Travellers love the idea of the agriturismo, but in the end, they may want a country property that is closer to the famed cathedrals and masterpieces than just chickens and pigs, she notes. People have a dream of Italy “and that dream takes different shapes.”

These Tuscan estates – why not stick to this large region that offers so much – may hit the mark (choose “Tuscany” on Classicvacationrental.com and then look through the page listings):

* La Picconaia: This restored agriturismo, with a farmhouse dating to the 16th century, is located on a sprawling Chianti wine estate. It offers a variety of apartments and homes, suitable for parties from two to 20. Here, you can sample wine and olive oil and cross the vineyards on foot to reach the town of Greve, with its restaurants, shops and Saturday market.

* Borgo di Marcello: Located near the walled town of Lucca, this property is part of an olive oil estate.
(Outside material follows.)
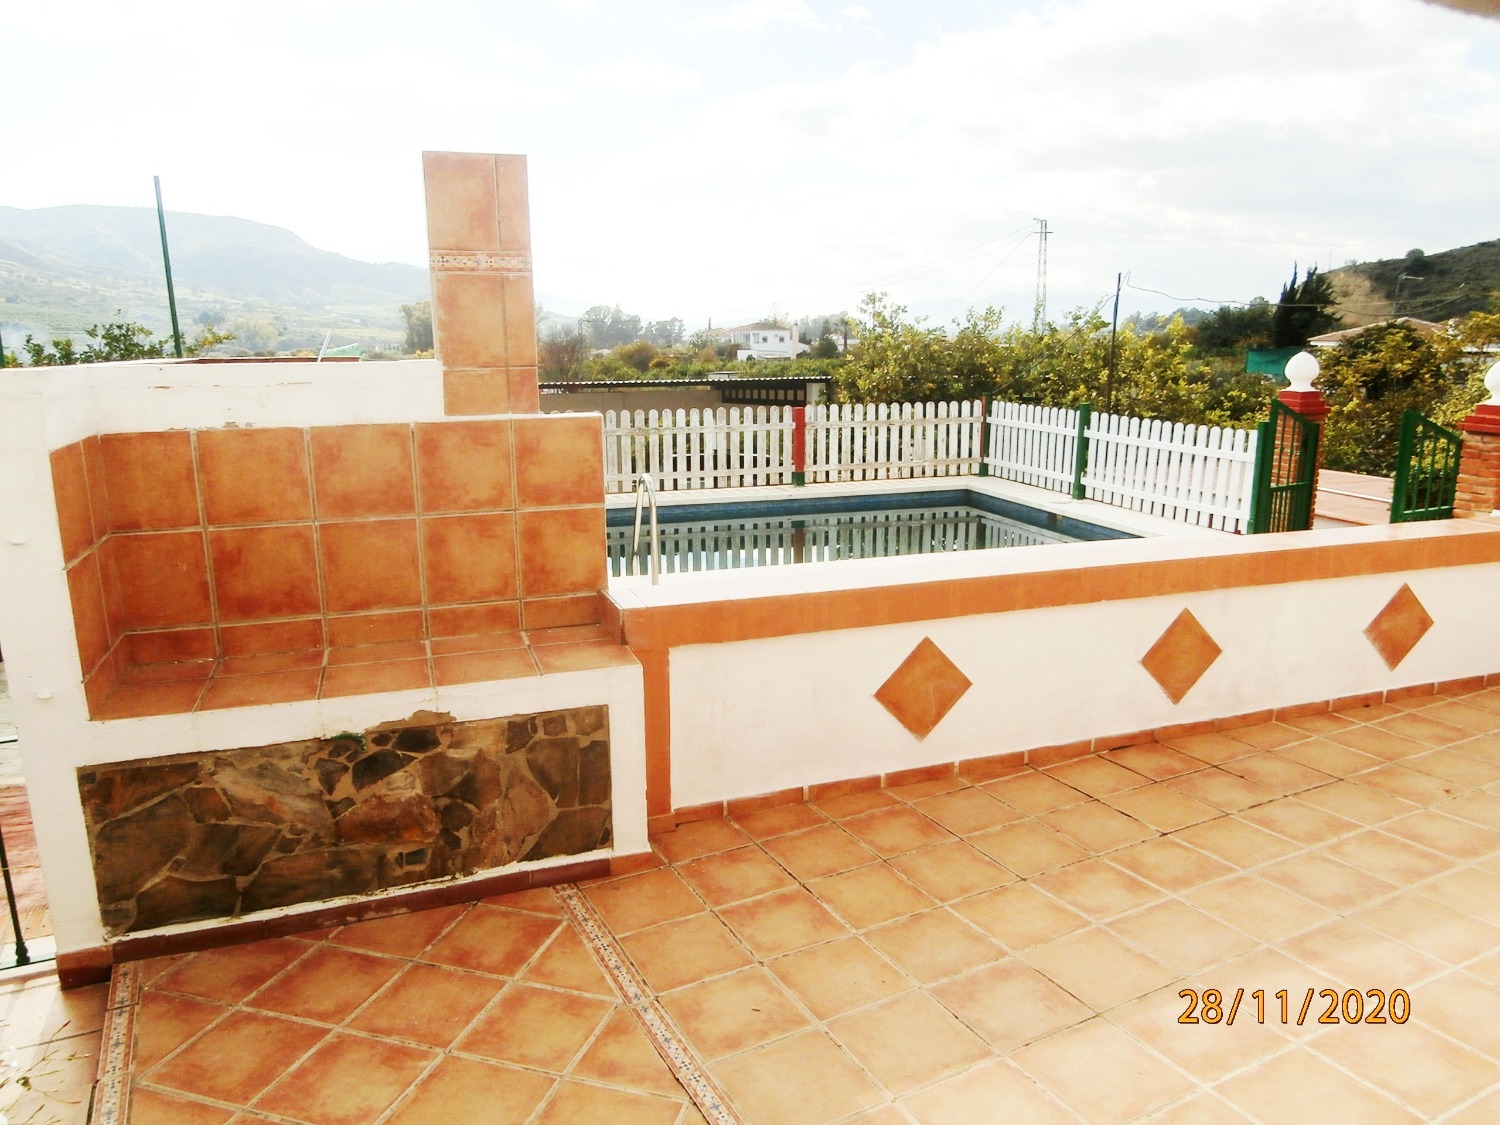 Stort parhus i andalusisk stil med pool, åkermark, helt inhägnad ca 3 220 m2, bra tillgång.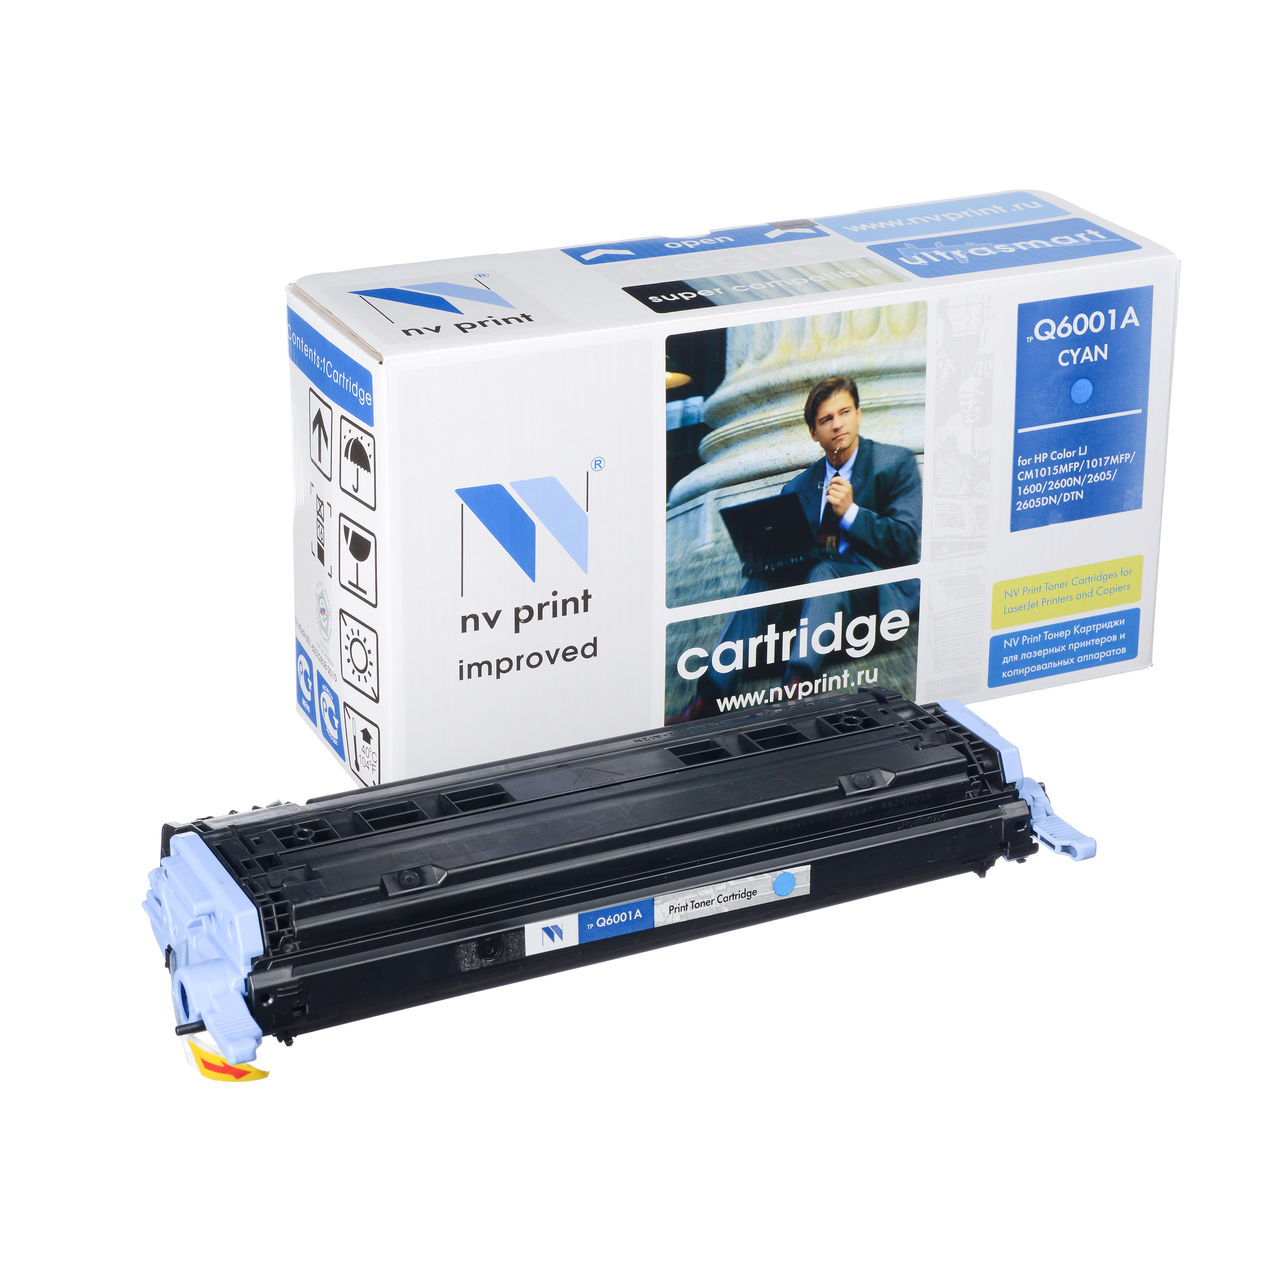 Картридж HP NV-Print (Q6001A Cyan) (2,0К) для LJ 1600/2600/2605/CM1015/1017 голубой

The grounds include apartments, as well as several restored villas (one dining room features the contessa’s collection of Hermès and Ferragamo scarves in frames).

* Podere Vittorio Tobi-Sotto: This agriturismo near Cortona, the town Frances Mayes made famous, features two larger houses that have been restored into individual apartments. Outside, there’s a wood-burning oven and views of wheat, sunflower and alfalfa fields. The property is three kilometres from Cortona, 60 kilometres from Siena and 110 kilometres from Florence.